§ DATA SUPPLIED
□ □ □ □ □
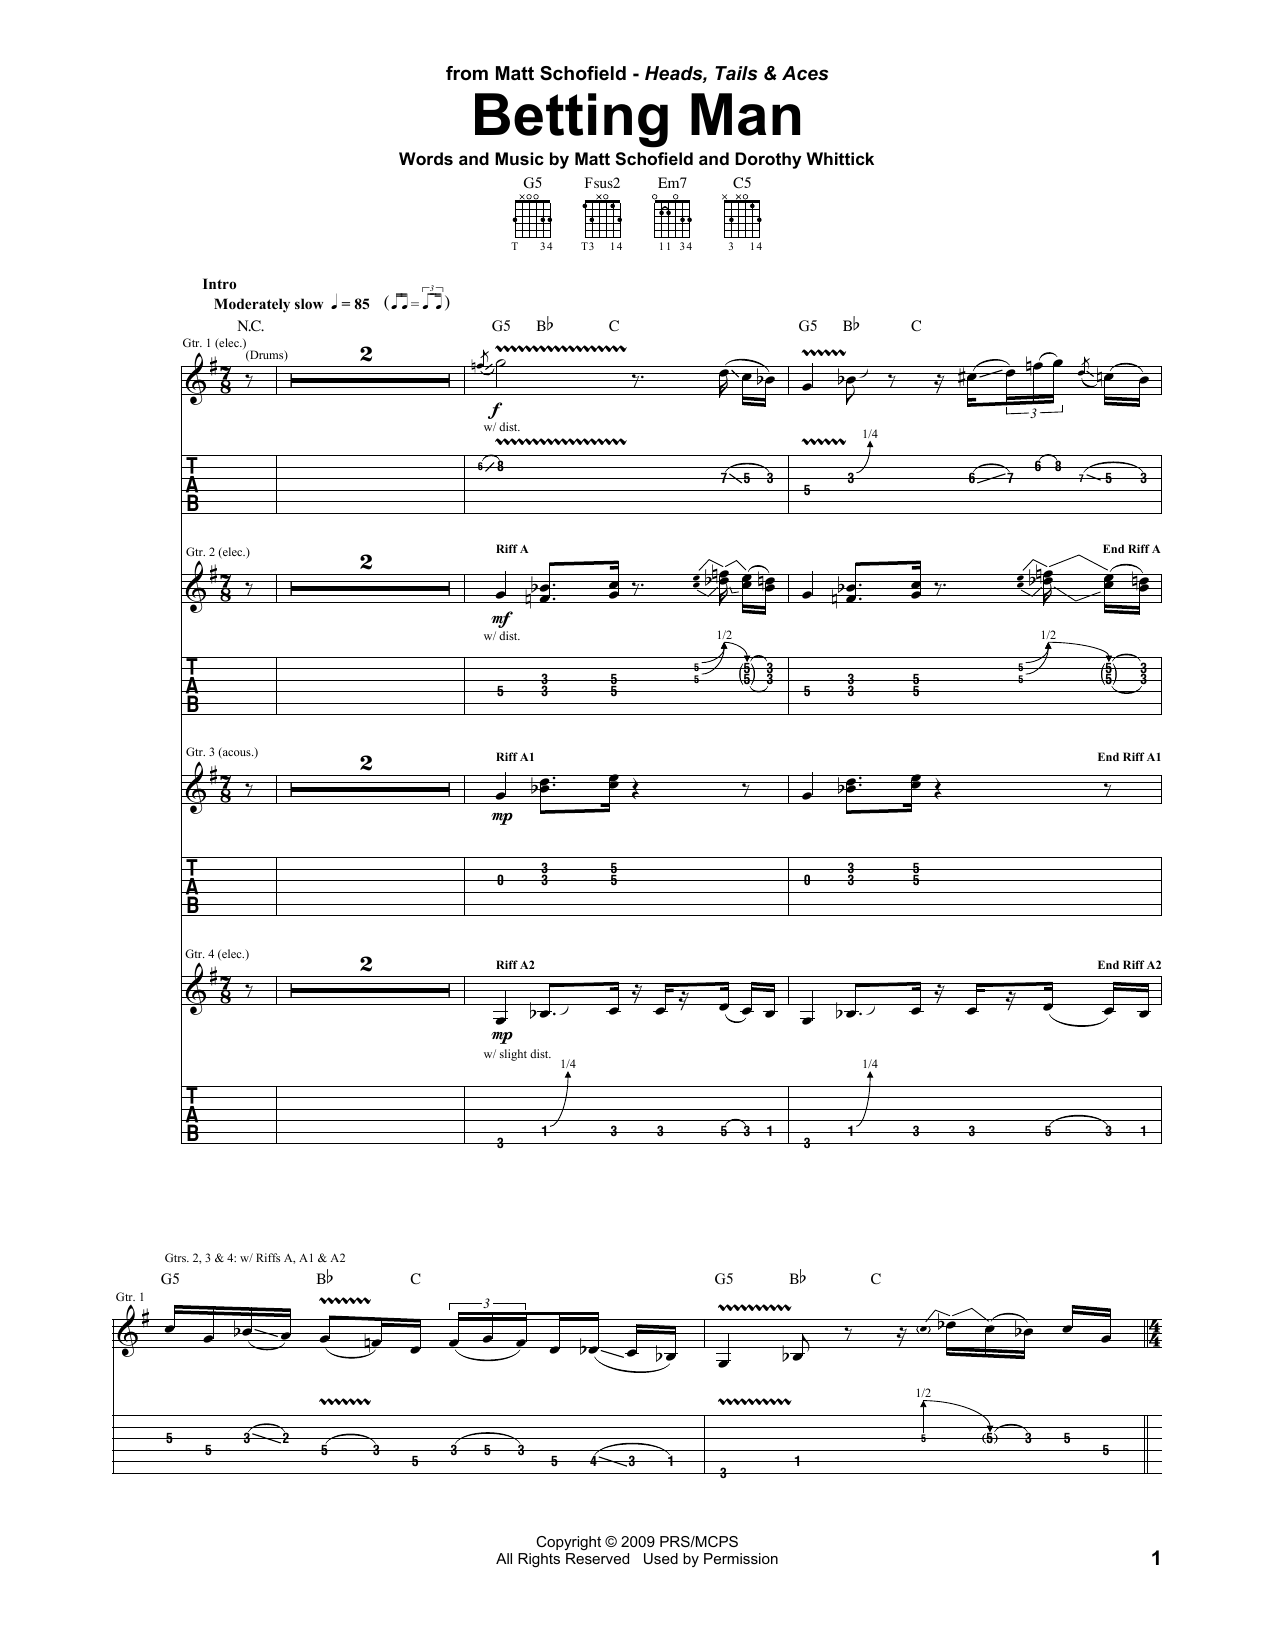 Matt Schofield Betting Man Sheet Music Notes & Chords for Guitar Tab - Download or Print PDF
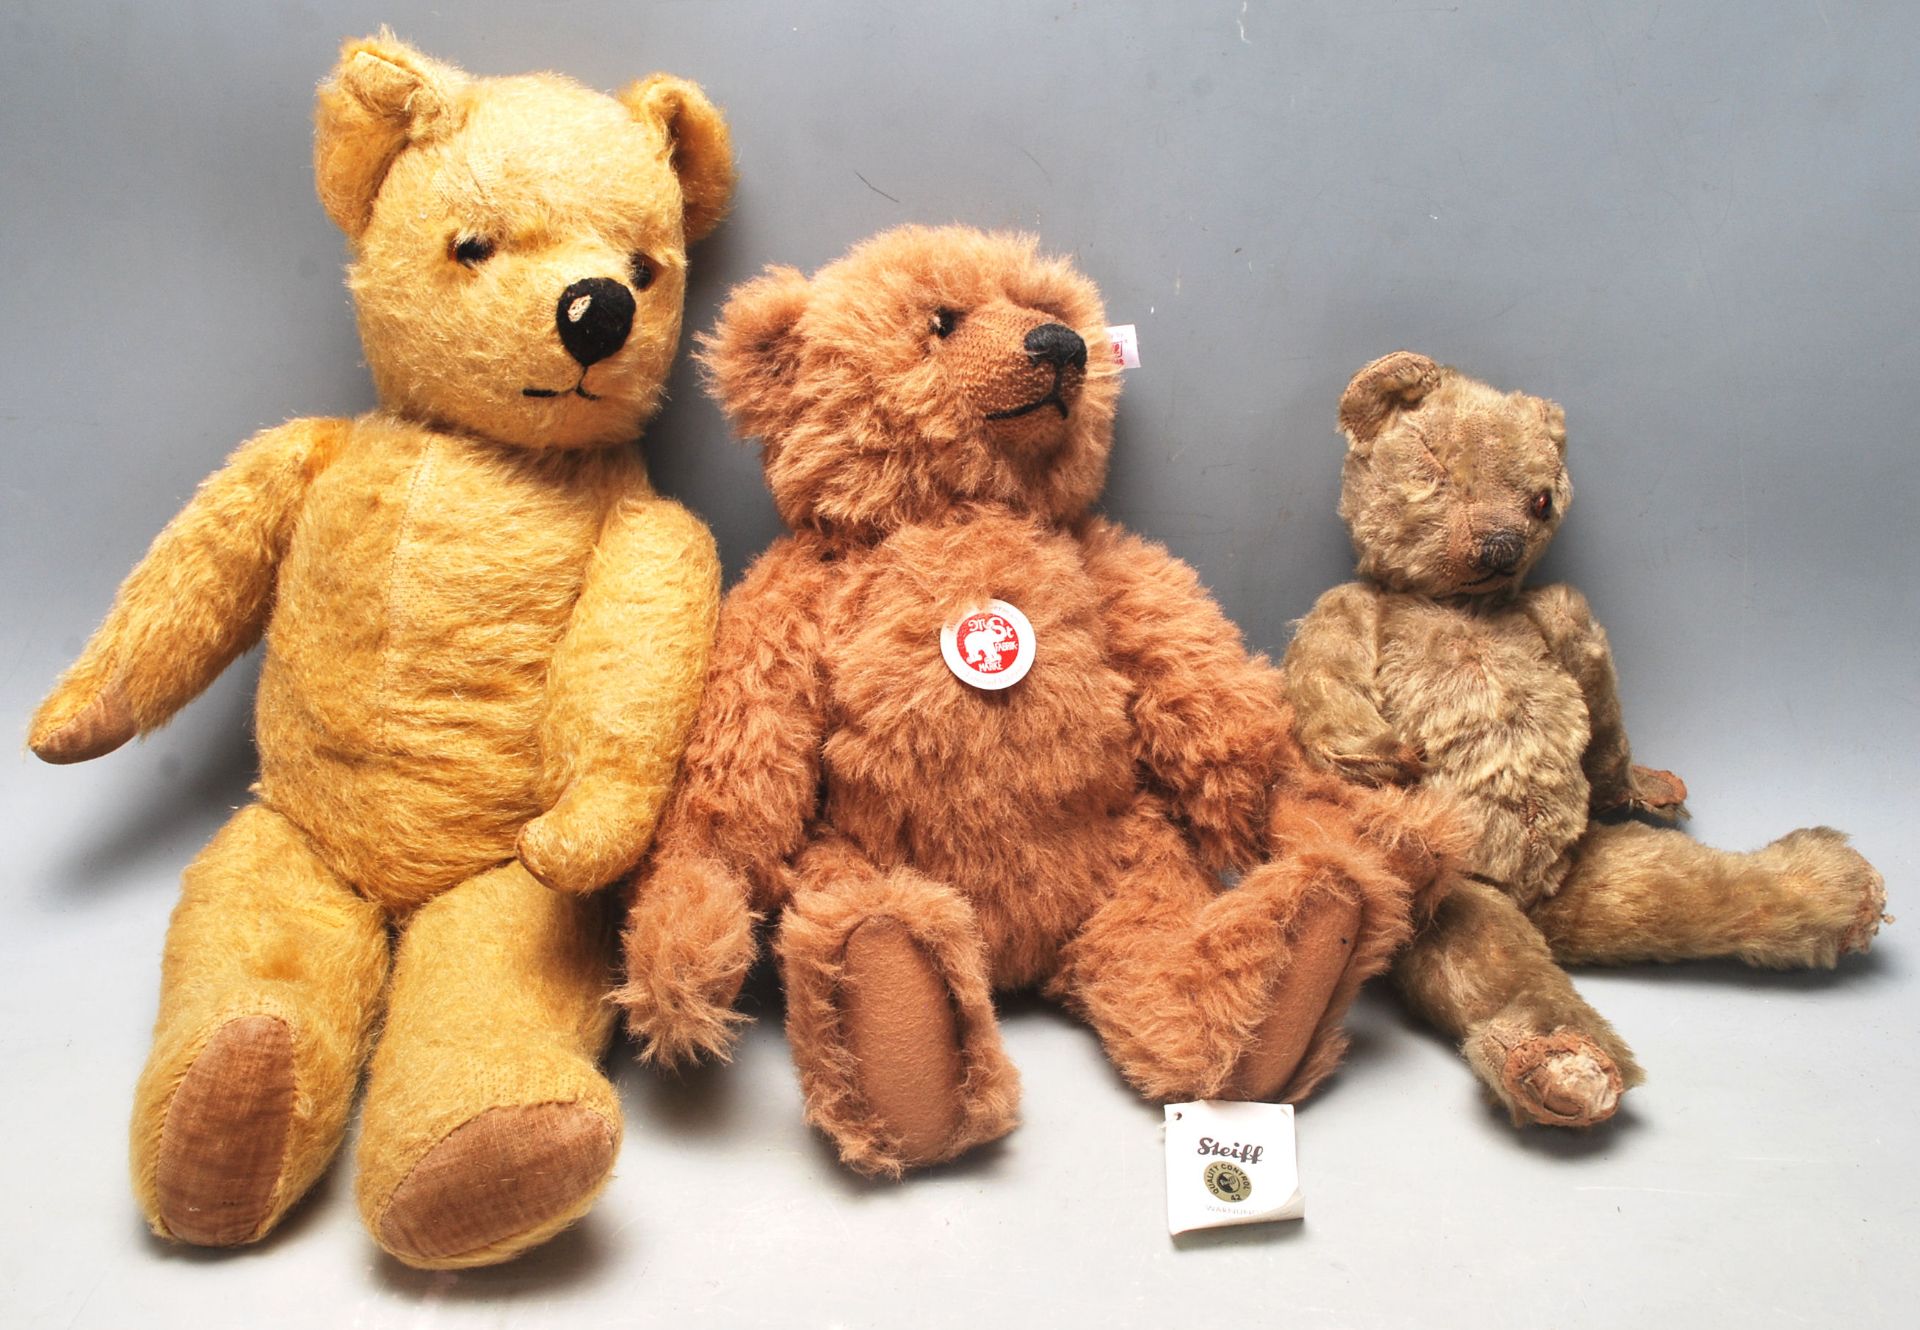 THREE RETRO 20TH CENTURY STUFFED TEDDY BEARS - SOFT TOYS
□ □ □ □ □
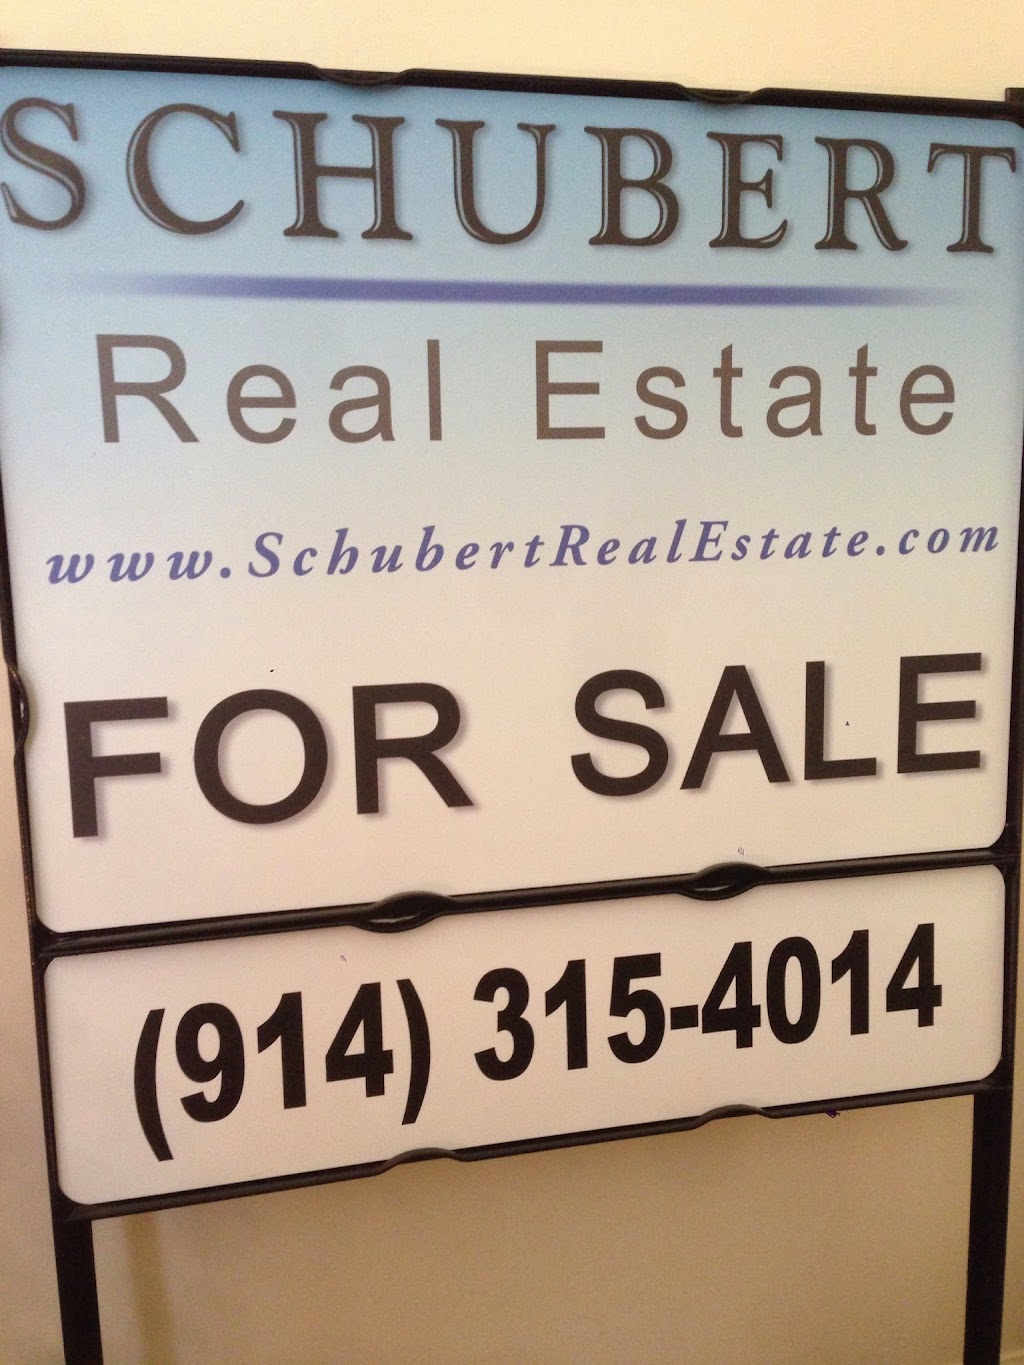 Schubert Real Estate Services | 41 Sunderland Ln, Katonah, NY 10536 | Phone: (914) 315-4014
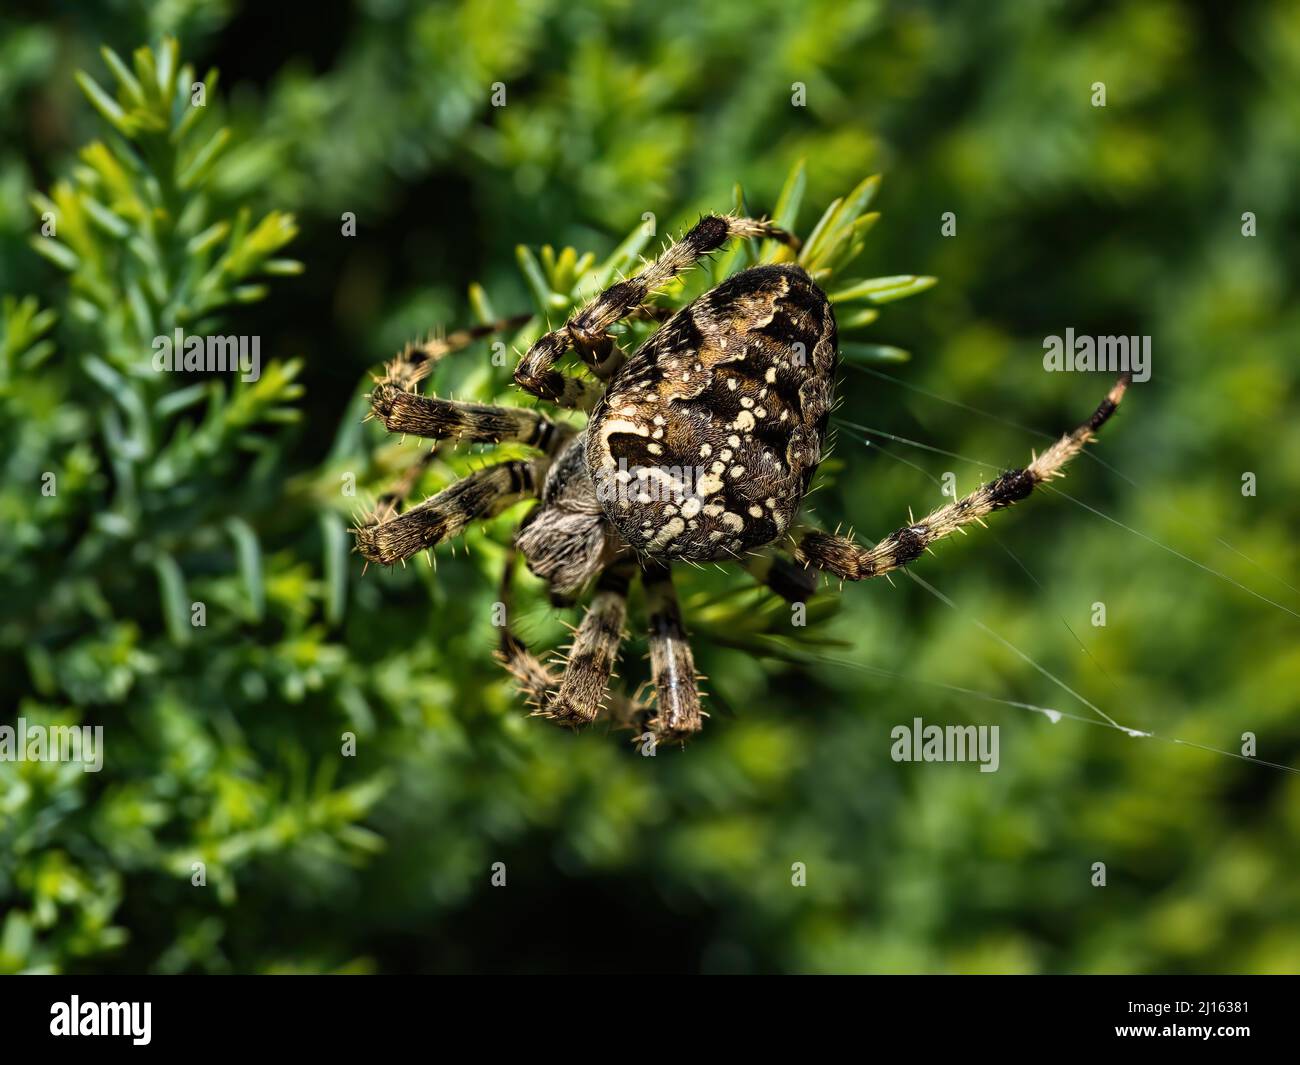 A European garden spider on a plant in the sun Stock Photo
□ □ □ □ □
§ PROBLEM DETAILS
Pictures in the material above should be skipped; print exactly the lines from the one with "Schubert Real Estate" through the one with "A European garden".

§ SOLUTION TO THE EXERCISE
 Schubert Real Estate Services | 41 Sunderland Ln, Katonah, NY 10536 | Phone: (914) 315-4014
 A European garden spider on a plant in the sun Stock Photo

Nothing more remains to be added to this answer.